Une sorte de brute géante, dit-on, mais je ne le crois pas. Il nous contre trop subtilement pour être une brute. Il est métis, de jaune, je pense. Attendez, nous avons un dossier le concernant.

Il dit quelques mots dans l’interphone, et un huissier lui apporta le dossier. Il ne contenait qu’une seule feuille.

— Laprade, Téraï. Né le 17 janvier 2199 à Bergerac, France, 1 m 99, cheveux noirs, yeux noirs, champion olympique de décathlon… sans intérêt. Ah ! Docteur ès-Sciences, géologie, Université de Toronto. Fils de Paul Laprade, tué lors des émeutes fondamentalistes de 2223 et de Tetua Song… Voyons, oui, c’est bien ça. Tetua Song était elle-même fille de Song Tung Fei et de Nohoraï Oopa, la fédératrice de la Polynésie. Et comme Paul Laprade était fils d’un Français, Henri Laprade, professeur à la Sorbonne, et de Mary Wapano, de la famille Wapano, des mines de chrome de l’Arctique, il a quatre races en lui ! Européen, Tahitien, Chinois et Cree !

— Et vous voudriez que j’aille là-bas et que je le séduise ?

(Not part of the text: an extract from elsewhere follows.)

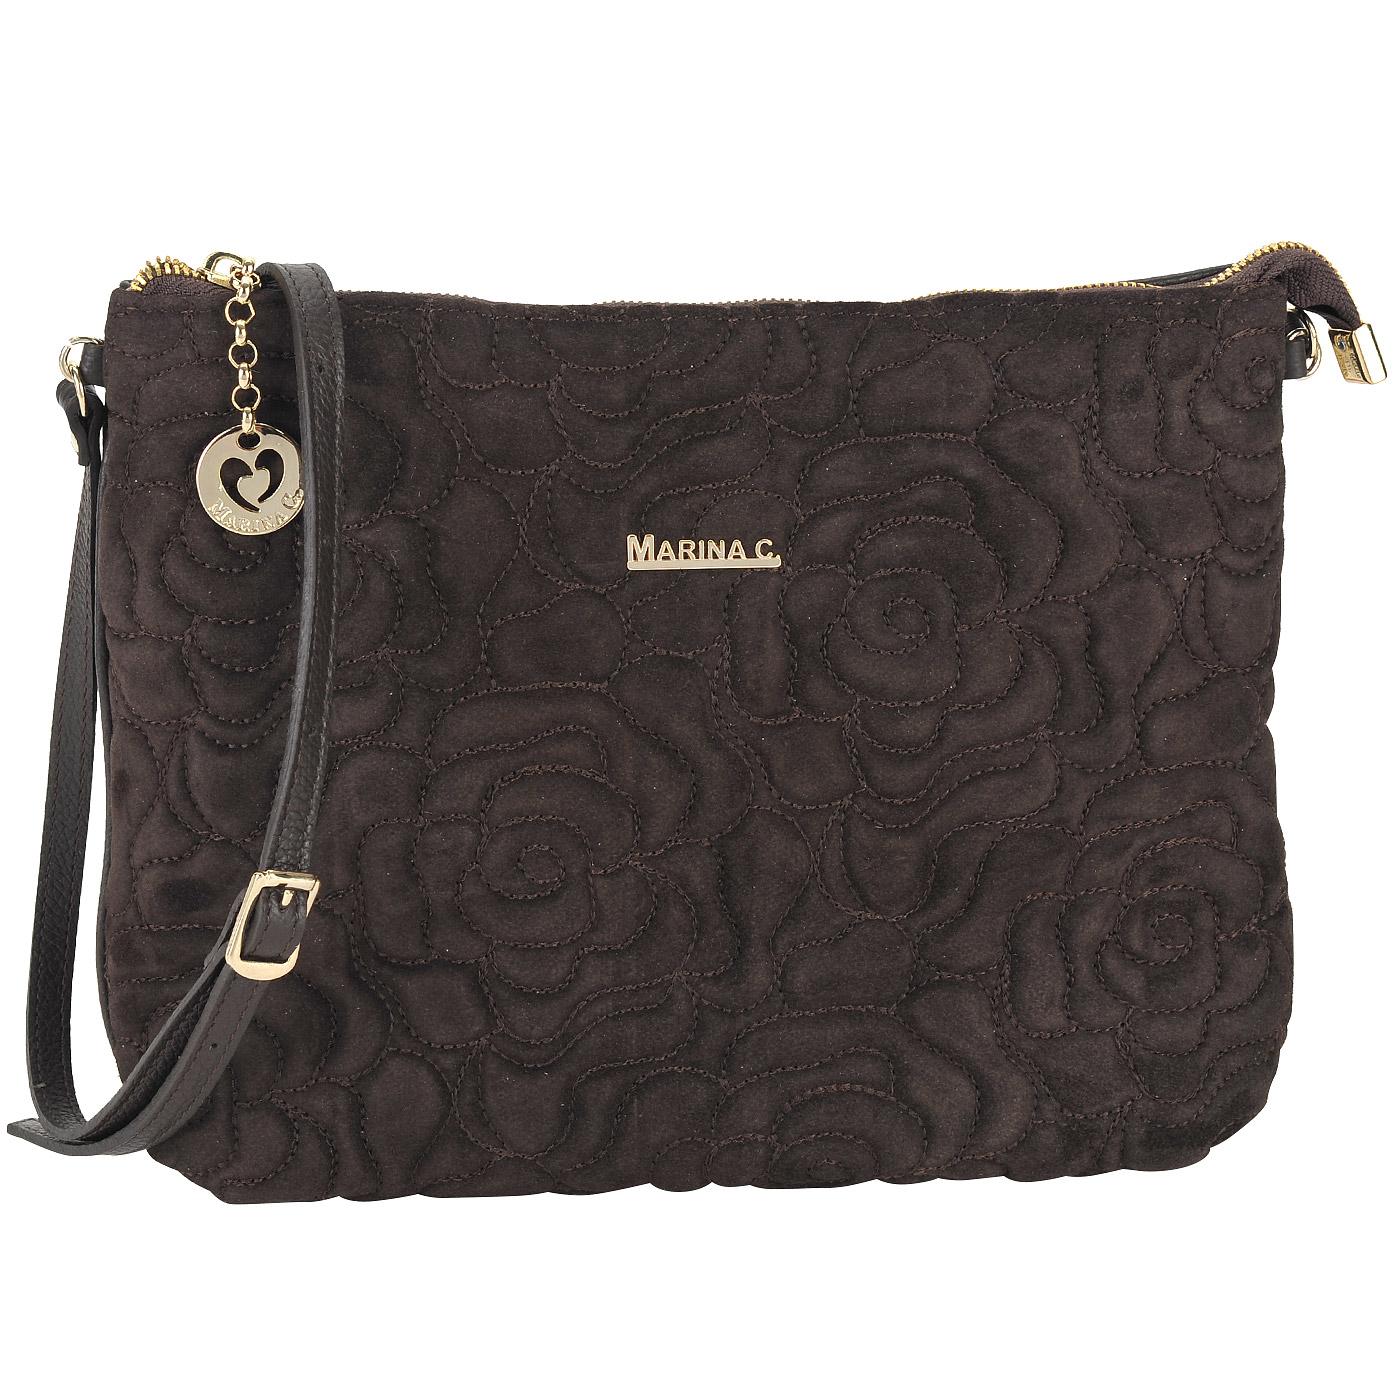 Маленькая стеганая сумка из натуральной кожи и замши Marina Creazioni  3936 t.moro - 2000557798670 коричневый натуральная кожа 26 x 22 x 6 Цена  4990 руб. ... 0659fe14efb

— Non certes ! Je ne vous demanderai jamais de mission de ce style ! Nous avons des spécialistes pour cela. Mais j’aimerais un rapport de première main sur lui, et aussi sur les indigènes. Quelques films montrant leurs côtés sauvages. Avec cela, on peut remuer des consciences au Parlement mondial. Il suffirait de déplacer une dizaine de voix.

— Herbert ne pourrait-il y aller ? Je ne sais si je serai capable…

— Herbert m’est indispensable. Vous êtes sportive, vous avez fait l’Himalaya pour votre plaisir, et il y aura quelqu’un pour veiller sur vous.

— Oh, je n’ai pas peur ! Soit, j’accepte. Mais je ne puis arriver là-bas comme une envoyée du BIM.